Rivers State Commissioner for Culture and Tourism
- Incumbent
- Assumed office 18 December 2015
- Governor: Ezenwo Nyesom Wike
- Preceded by: Nnabuihe Imegwu

Personal details
- Born: Port Harcourt, Rivers State, Nigeria
- Education: University of Port Harcourt

= Tonye Briggs-Oniyide =

Nigerian politician

Tonye Briggs-Oniyide (born in the mid-1970s) is the current Rivers State Commissioner for Culture and Tourism. She was appointed in 2015 by Governor Ezenwo Nyesom Wike, replacing Nnabuihe Imegwu.

==Early life and education==
Briggs was born into the Abel Briggs family roots in Akuku-Toru local government area of Rivers State.
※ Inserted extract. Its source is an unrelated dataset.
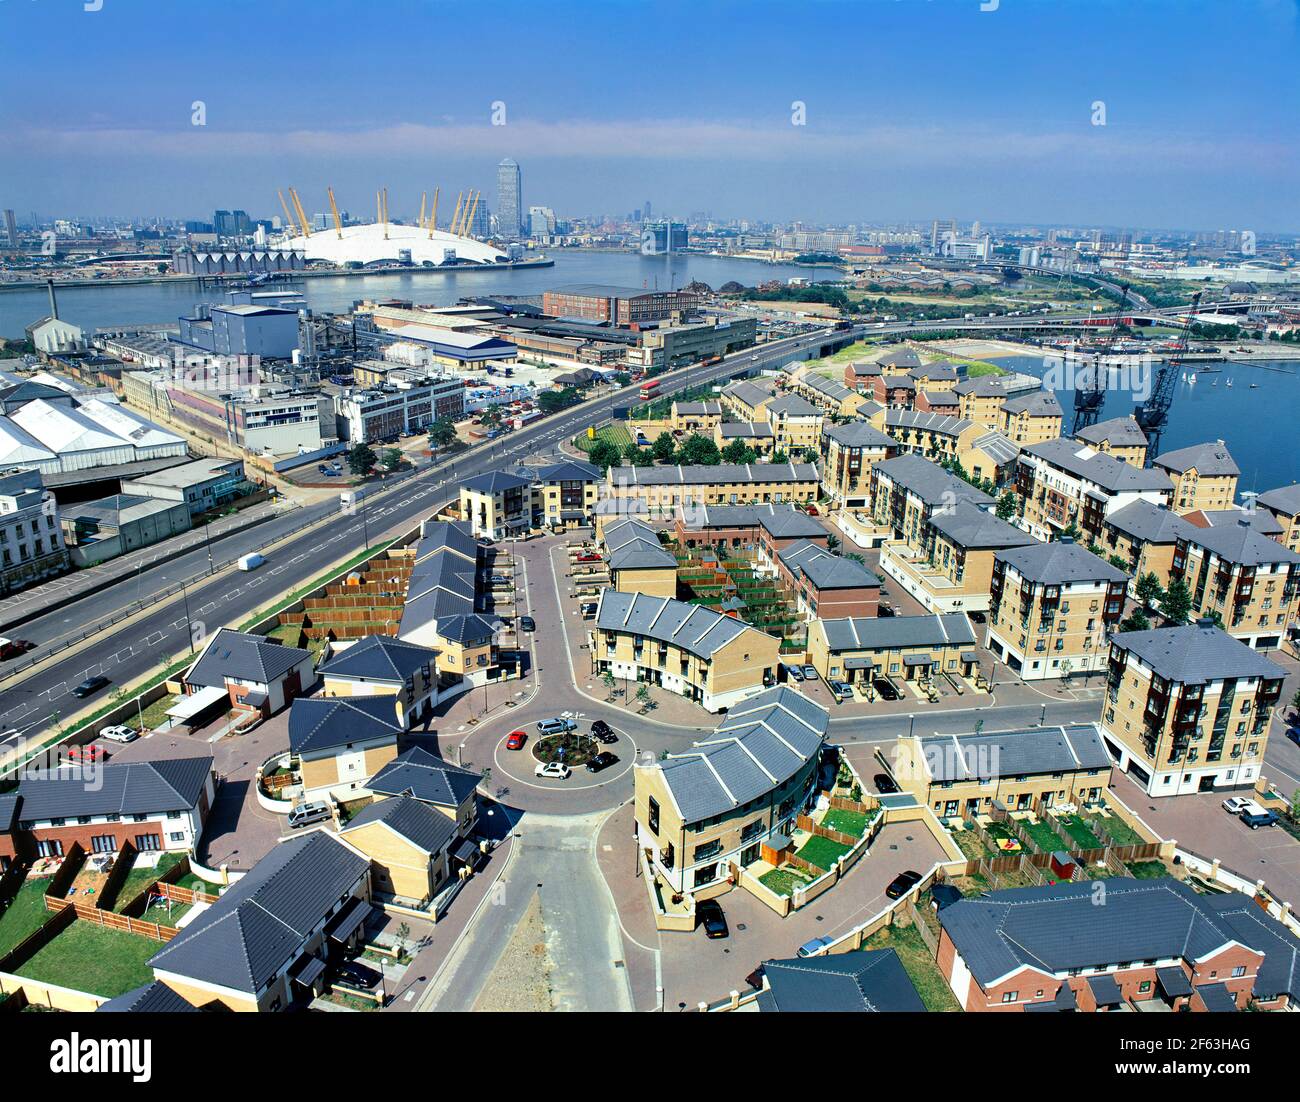 Part of the London Docklands redevelopment area with Britannia Village in the foreground and the Millenium Dome beyond by the Thames. Stock Photo
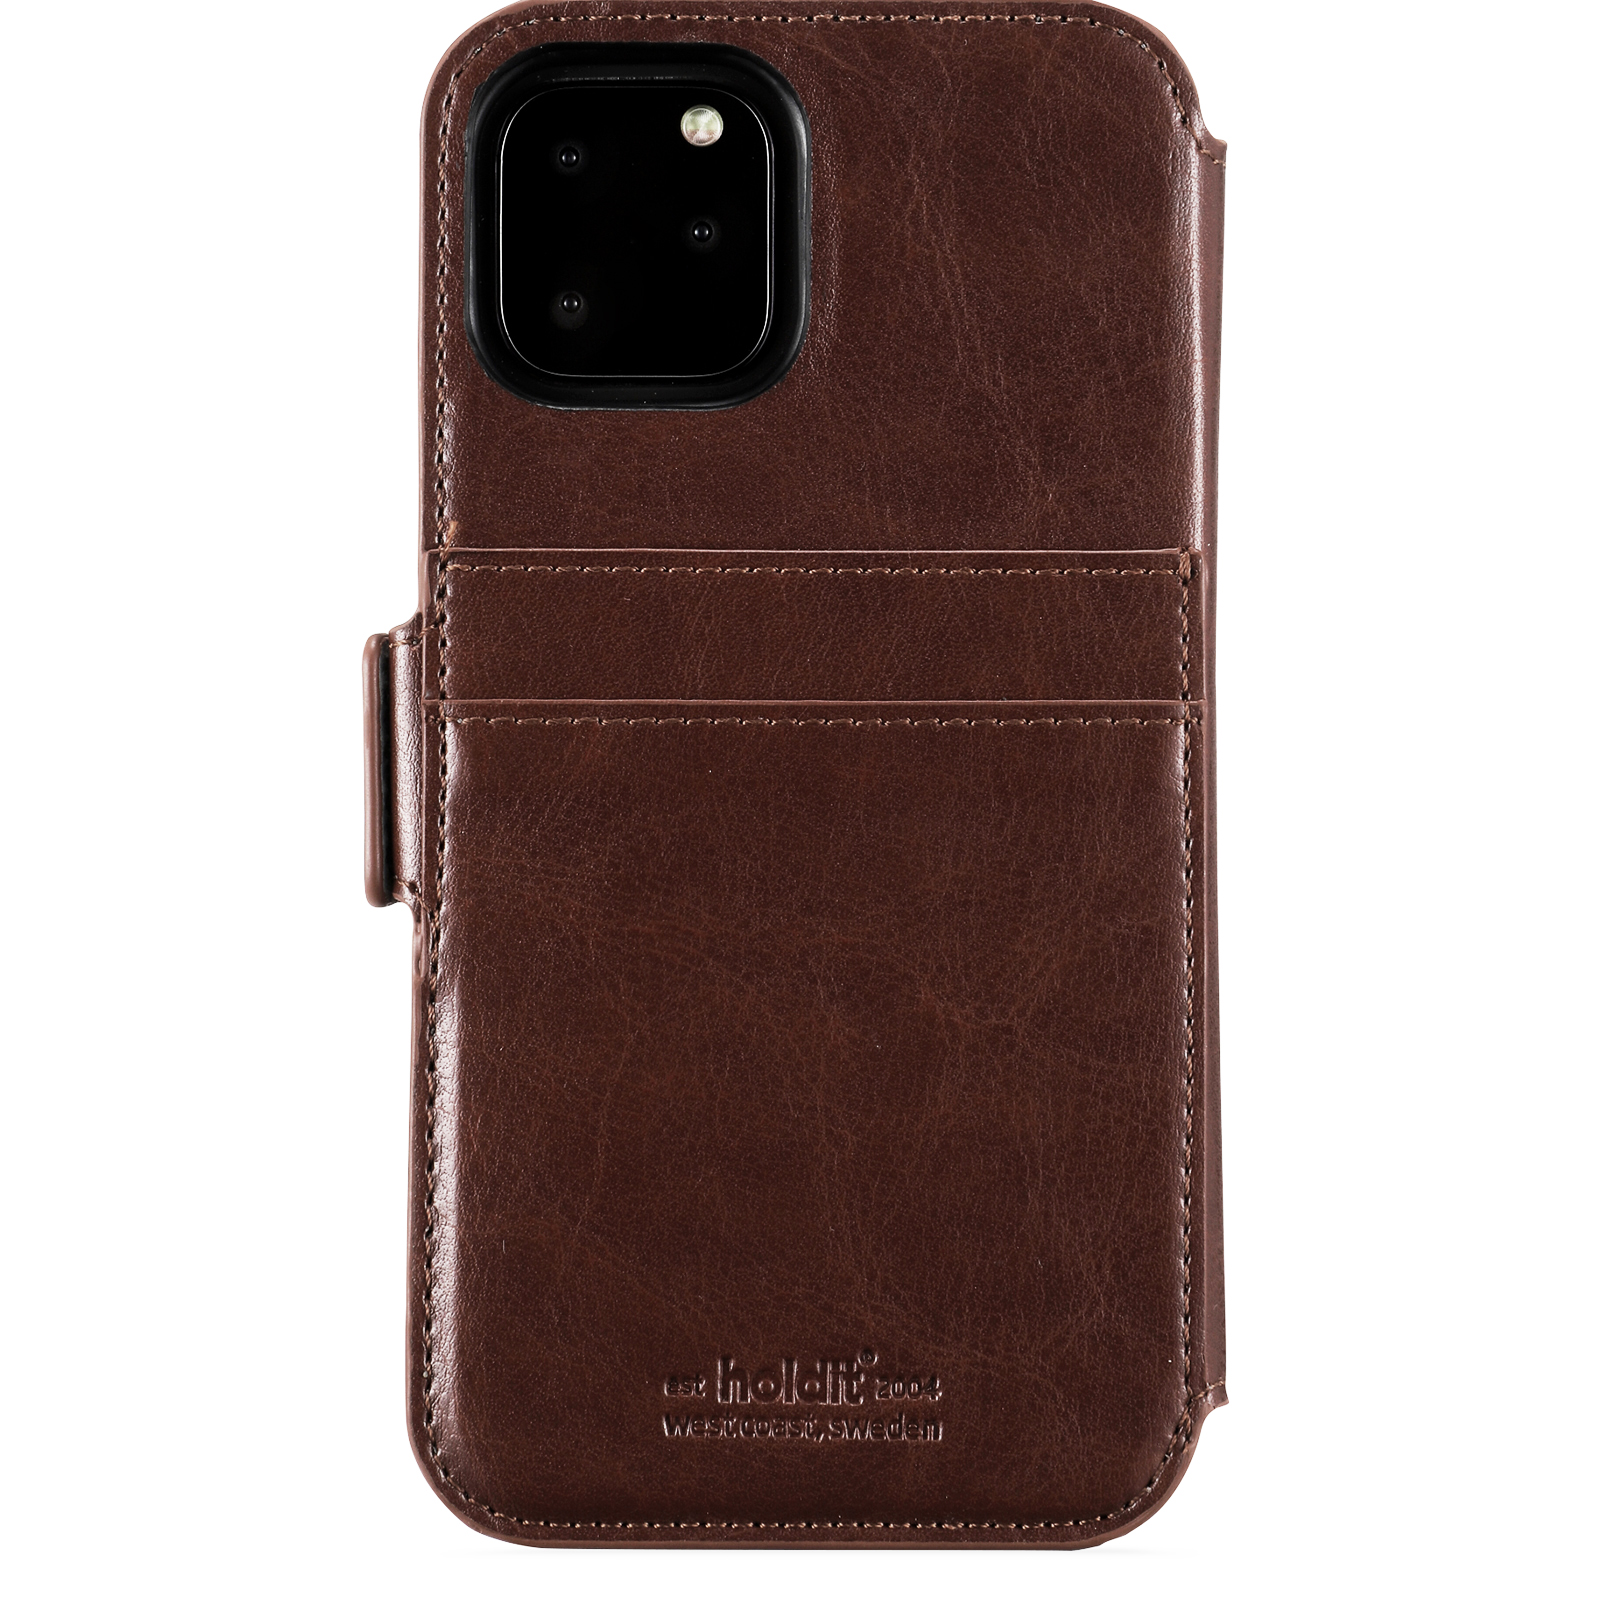 Pro, Braun CASE 14375 Bookcover, Apple, iPhone HOLDIT MAGNET, WALLET 11

She attended the University of Port Harcourt for her undergraduate studies, earning a bachelor's degree in Biochemistry.

==Career==

===Federal Character Commission===
Tonye was the Special Assistant to the Governor of Culture and Tourism in River State (2003). Also the Special Adviser to the Governor on Youth and Employment in 2007. Briggs was appointed member of the Federal Character Commission by President Goodluck Jonathan on 9 July 2013. She assumed office on 17 August, representing Rivers State.

===Culture and Tourism Ministry===
On 18 December 2015, she assumed office as Rivers State Culture and Tourism Commissioner, taking over the helm of the ministry from Nnabuihe Imegwu. In April 2016, she facilitated a partnership between the Africa Film Academy and the Ministry of Culture and Tourism through a landmark agreement which secured Port Harcourt as host city for the 12th Africa Movie Academy Awards. She has been criticized for not doing enough for the Entertainment industry in Rivers State, with some quarters calling for her resignation. She was suspended by the governor of the state on 31 August 2016.